在本部分结束时,文件面板应在 training-package 下包含以下文件和文件夹。

dist
  trainer-0.1.tar.gz
trainer
  __init__.py
  task.py
trainer.egg-info
__init__.py
setup.py

将自定义训练软件包上传到 Cloud Storage

  1. 创建 Cloud Storage 存储桶。

    REGION="REGION"
    BUCKET_NAME = "BUCKET_NAME"
    BUCKET_URI = f"gs://{BUCKET_NAME}"
    
    ! gcloud storage buckets create gs://$BUCKET_URI --location=$REGION --project=$PROJECT_ID
    

    替换以下参数值:

    • REGION:选择您在创建 Colab 笔记本时选择的区域。

    • BUCKET_NAME:存储桶名称。

  2. 将训练软件包上传到 Cloud Storage 存储桶。

    # Copy the training package to the bucket
    ! gcloud storage cp training_package/dist/trainer-0.1.tar.gz $BUCKET_URI/
    

构建流水线

流水线以步骤图表的形式描述 MLOps 工作流,步骤被称为流水线任务

在本部分中,您将定义流水线任务,将其编译为 YAML,并在 Artifact Registry 中注册流水线,以便单个用户或多个用户对该流水线进行版本控制并多次运行。

下图直观呈现了流水线中的任务,包括模型训练、模型上传、模型评估和电子邮件通知:

流水线可视化

如需了解详情,请参阅创建流水线模板

定义常量并初始化客户端

  1. 在笔记本中,定义将在后续步骤中使用的常量:

    import os
    
    EMAIL_RECIPIENTS = [ "NOTIFY_EMAIL" ]
    PIPELINE_ROOT = "{}/pipeline_root/chicago-taxi-pipe".format(BUCKET_URI)
    PIPELINE_NAME = "vertex-pipeline-datatrigger-tutorial"
    WORKING_DIR = f"{PIPELINE_ROOT}/mlops-datatrigger-tutorial"
    os.environ['AIP_MODEL_DIR'] = WORKING_DIR
    EXPERIMENT_NAME = PIPELINE_NAME + "-experiment"
    PIPELINE_FILE = PIPELINE_NAME + ".yaml"
    

    NOTIFY_EMAIL 替换为电子邮件地址。流水线作业完成后,无论成功还是失败,系统都会向该电子邮件地址发送电子邮件。

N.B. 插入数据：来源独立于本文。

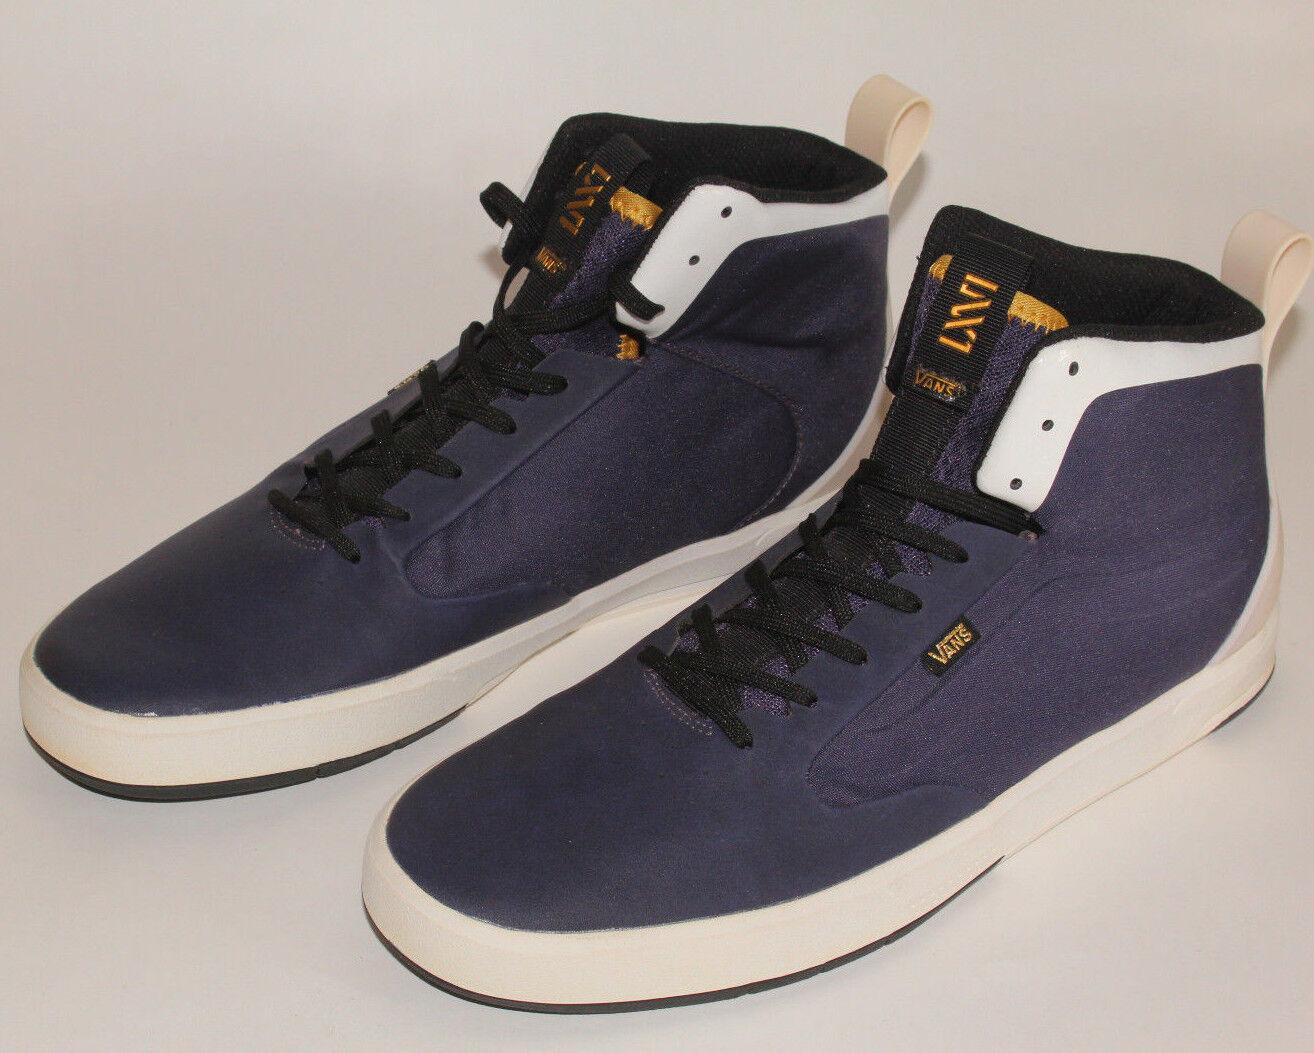 New Vans LXVI Segment Men's Shoes 0VG9CA4 Dark Blue-White-Gold Men`s US Size 9

  2. 使用项目、暂存存储桶、位置和实验初始化 Vertex AI SDK。

    from google.cloud import aiplatform
    
    aiplatform.init(
        project=PROJECT_ID,
        staging_bucket=BUCKET_URI,
        location=REGION,
        experiment=EXPERIMENT_NAME)
    
    aiplatform.autolog()
    

定义流水线任务

在笔记本中,定义流水线 custom_model_training_evaluation_pipeline

from kfp import dsl
from kfp.dsl import importer
from kfp.dsl import OneOf
from google_cloud_pipeline_components.v1.custom_job import CustomTrainingJobOp
from google_cloud_pipeline_components.types import artifact_types
from google_cloud_pipeline_components.v1.model import ModelUploadOp
from google_cloud_pipeline_components.v1.batch_predict_job import ModelBatchPredictOp
from google_cloud_pipeline_components.v1.model_evaluation import ModelEvaluationRegressionOp
from google_cloud_pipeline_components.v1.vertex_notification_email import VertexNotificationEmailOp
from google_cloud_pipeline_components.v1.endpoint import ModelDeployOp
from google_cloud_pipeline_components.v1.endpoint import EndpointCreateOp
from google.cloud import aiplatform

# define the train-deploy pipeline
@dsl.pipeline(name="custom-model-training-evaluation-pipeline")
def custom_model_training_evaluation_pipeline(
    project: str,
    location: str,
    training_job_display_name: str,
    worker_pool_specs: list,
    base_output_dir: str,
    prediction_container_uri: str,
    model_display_name: str,
    batch_prediction_job_display_name: str,
    target_field_name: str,
    test_data_gcs_uri: list,
    ground_truth_gcs_source: list,
    batch_predictions_gcs_prefix: str,
    batch_predictions_input_format: str="csv",
    batch_predictions_output_format: str="jsonl",
    ground_truth_format: str="csv",
    parent_model_resource_name: str=None,
    parent_model_artifact_uri: str=None,
    existing_model: bool=False

):
    # Notification task
    notify_task = VertexNotificationEmailOp(
                    recipients= EMAIL_RECIPIENTS
                    )
    with dsl.ExitHandler(notify_task, name='MLOps Continuous Training Pipeline'):
        # Train the model
        custom_job_task = CustomTrainingJobOp(
                                    project=project,
                                    display_name=training_job_display_name,
                                    worker_pool_specs=worker_pool_specs,
                                    base_output_directory=base_output_dir,
                                    location=location
                            )

        # Import the unmanaged model
        import_unmanaged_model_task = importer(
                                        artifact_uri=base_output_dir,
                                        artifact_class=artifact_types.UnmanagedContainerModel,
                                        metadata={
                                            "containerSpec": {
                                                "imageUri": prediction_container_uri,
                                            },
                                        },
                                    ).after(custom_job_task)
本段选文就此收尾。